Ejemplo L El cloruro de poliv ilo purificado (0.92 IV, 67% Cl) se mezcló con varios aditivos para preparar un compuesto, utilizando la siguiente formulación (en partes por peso) en la Tabla XXII: La formulación se mezcló correctamente y cargó a un reómetro de momento de torsión y ejecutó en las siguientes condiciones (ASTM D 2532) en la Tabla XXIII: a* Se sintetizó la zeolita como se describe en el Ejemplo XXXIII. La formulación se mezcló continuamente a temperatura elevada hasta que ocurre la degradación, como se evidenció por un cambio sustancial en el momento de torsión.
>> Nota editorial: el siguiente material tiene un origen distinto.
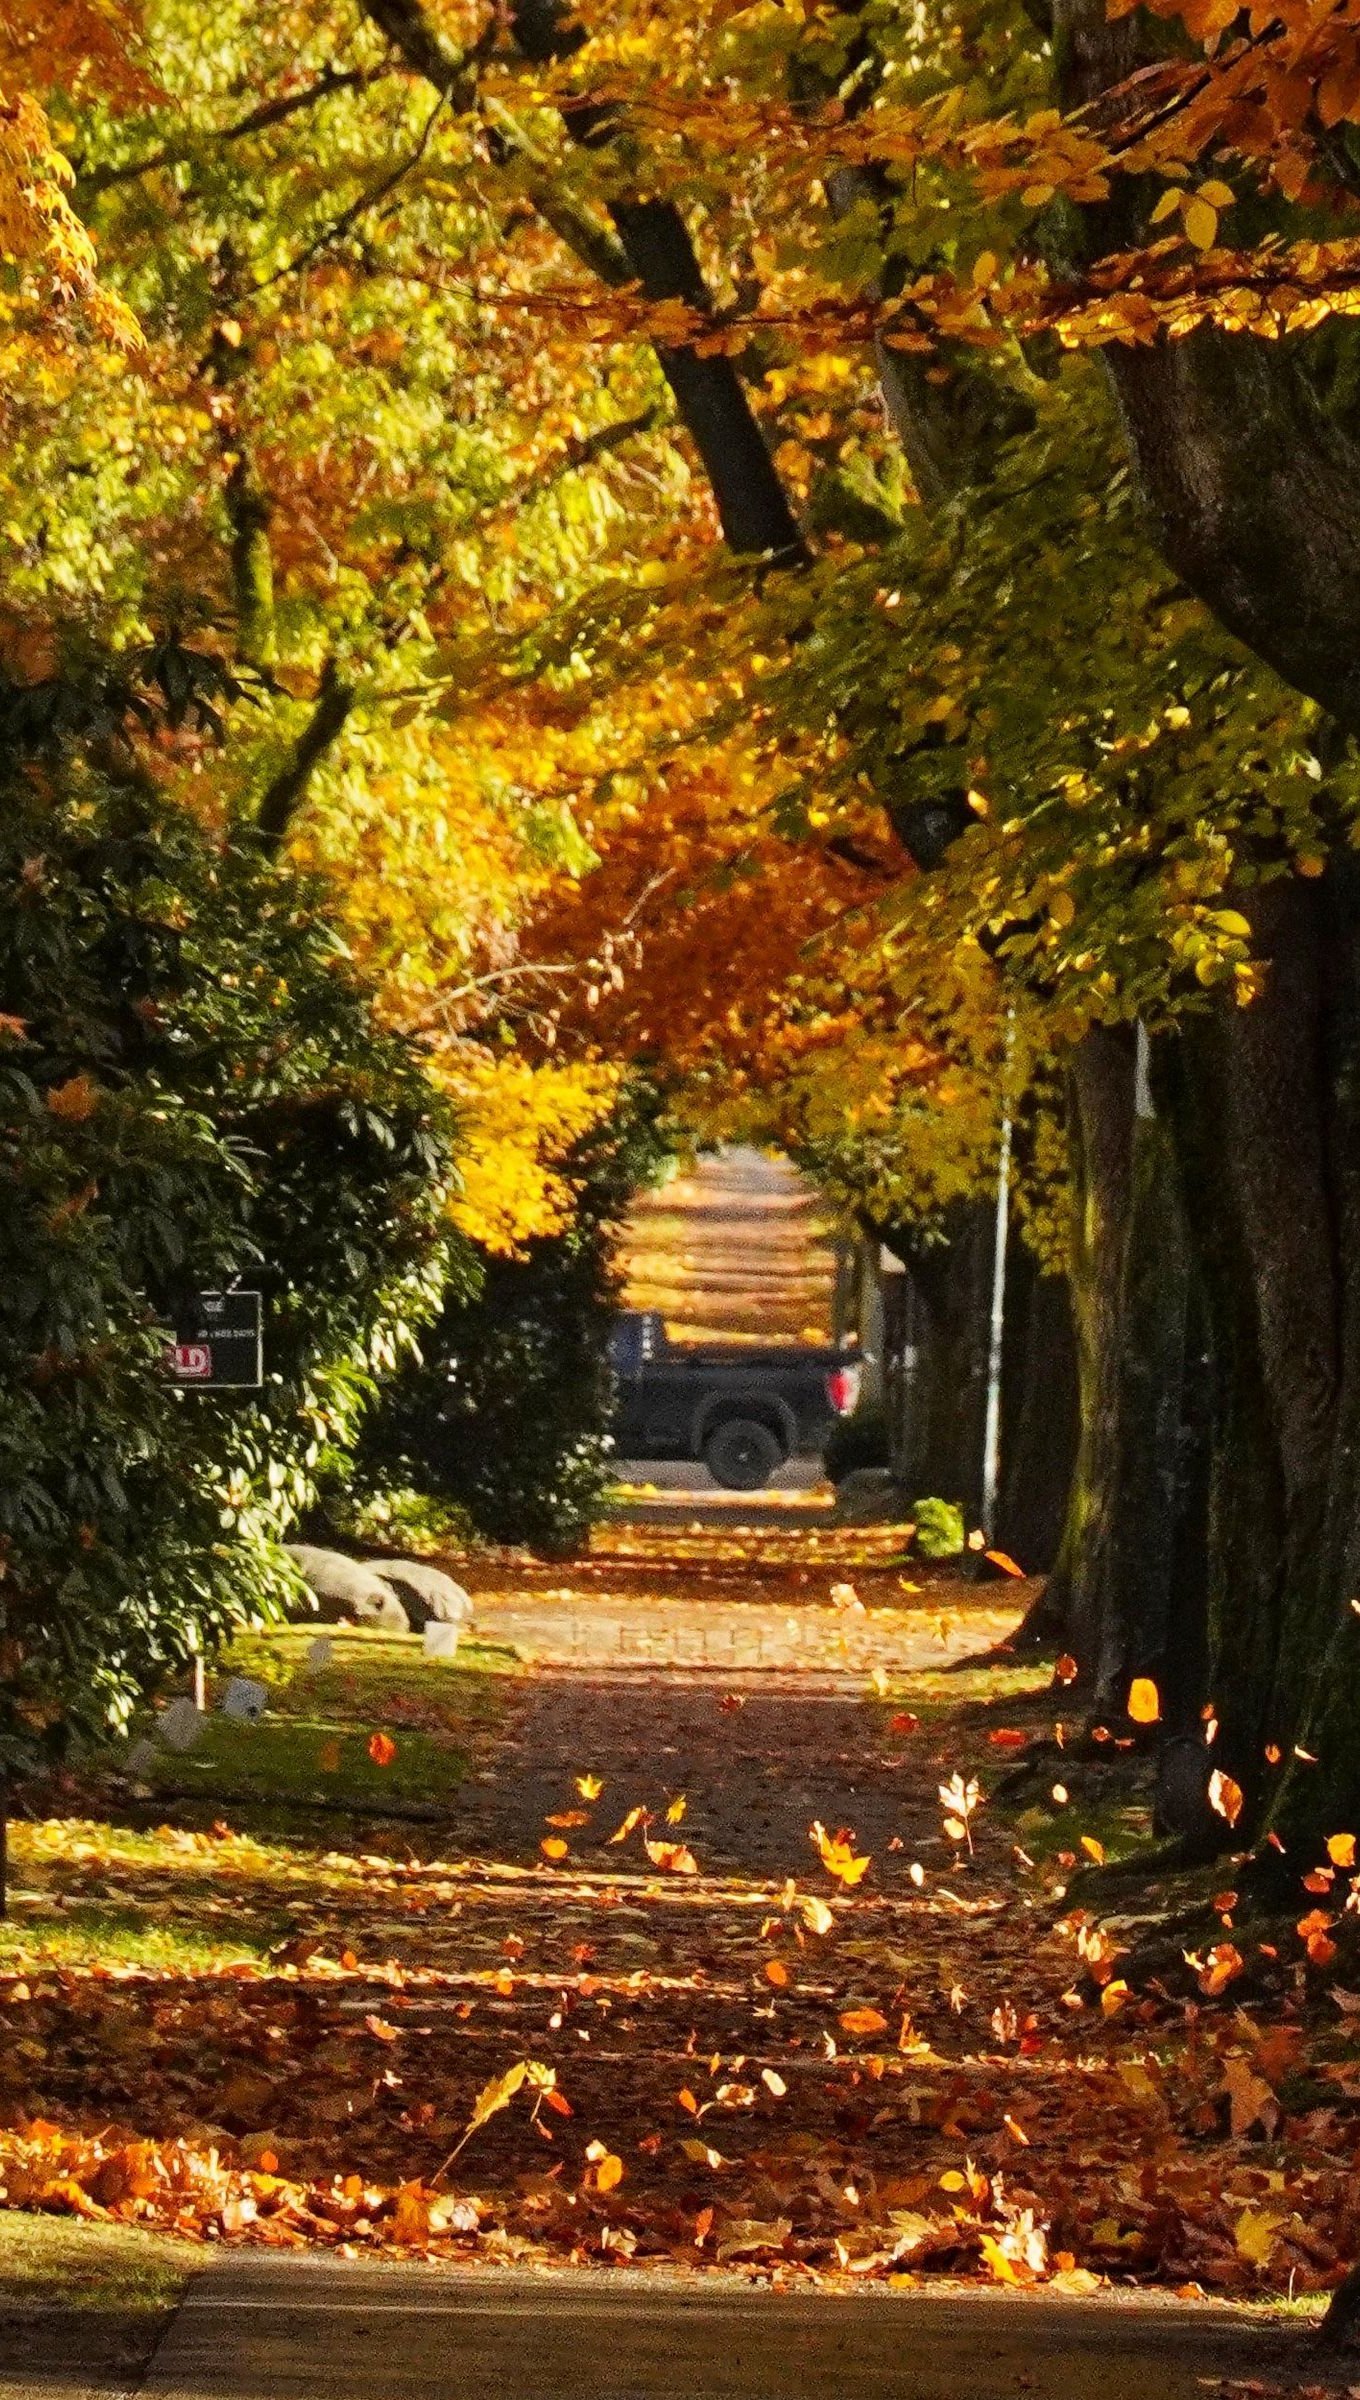 Fondos de pantalla Camino con arboles durante el otoño Vertical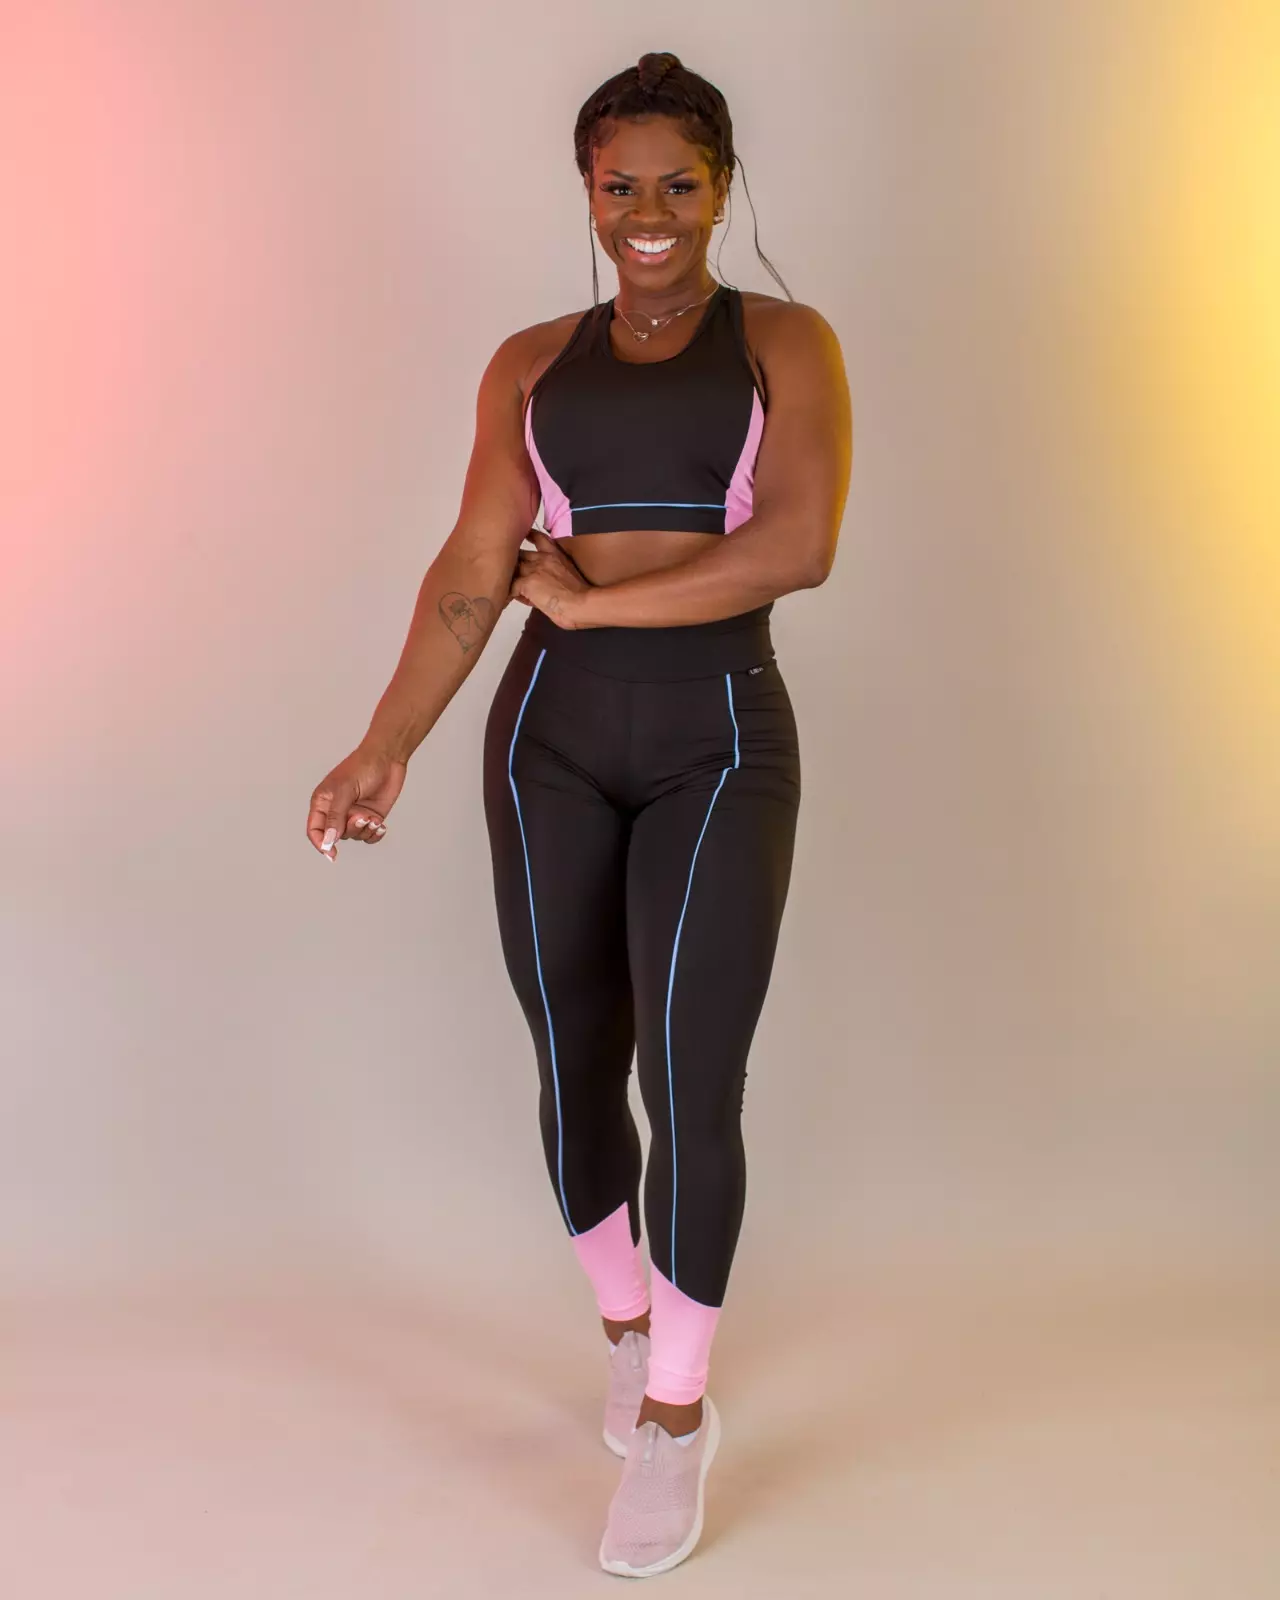 Comprar Conjunto legging Candy Pink com Serenity - a partir de R$53,42 -  Lievi Fitness

Los resultados en la Tabla XXIV mostraron que la combinación de la zeolita con el nivel reducido de estabilizador de maleato de estaño demostró un mejor tiempo de estabilidad similar o térmico que la formulación CPVC que contiene una gran cantidad de estabilizador de maleato de estaño sin zeolita, que indica actividad sinérgica entre el estabilizador de estaño y la zeolita.

En resumen, han sido descritos los compuestos polimépcos que contienen halógeno novedosos y no obvios con un estabilizador de zeolita modificado. Aunque las modalidades específid^S y ejemplos han sido descritos en la presente, deberá tenerse presente que estos han sido provistos a manera de explicación e ilustración y la presente invención no se limita por esto. Ciertamente, las modificaciones que están dentro de la experiencia ordinaria en la técnica se consideran para encontrarse dentro del alcance de esta invención como se define por las siguientes reivindicaciones .

Claims (1)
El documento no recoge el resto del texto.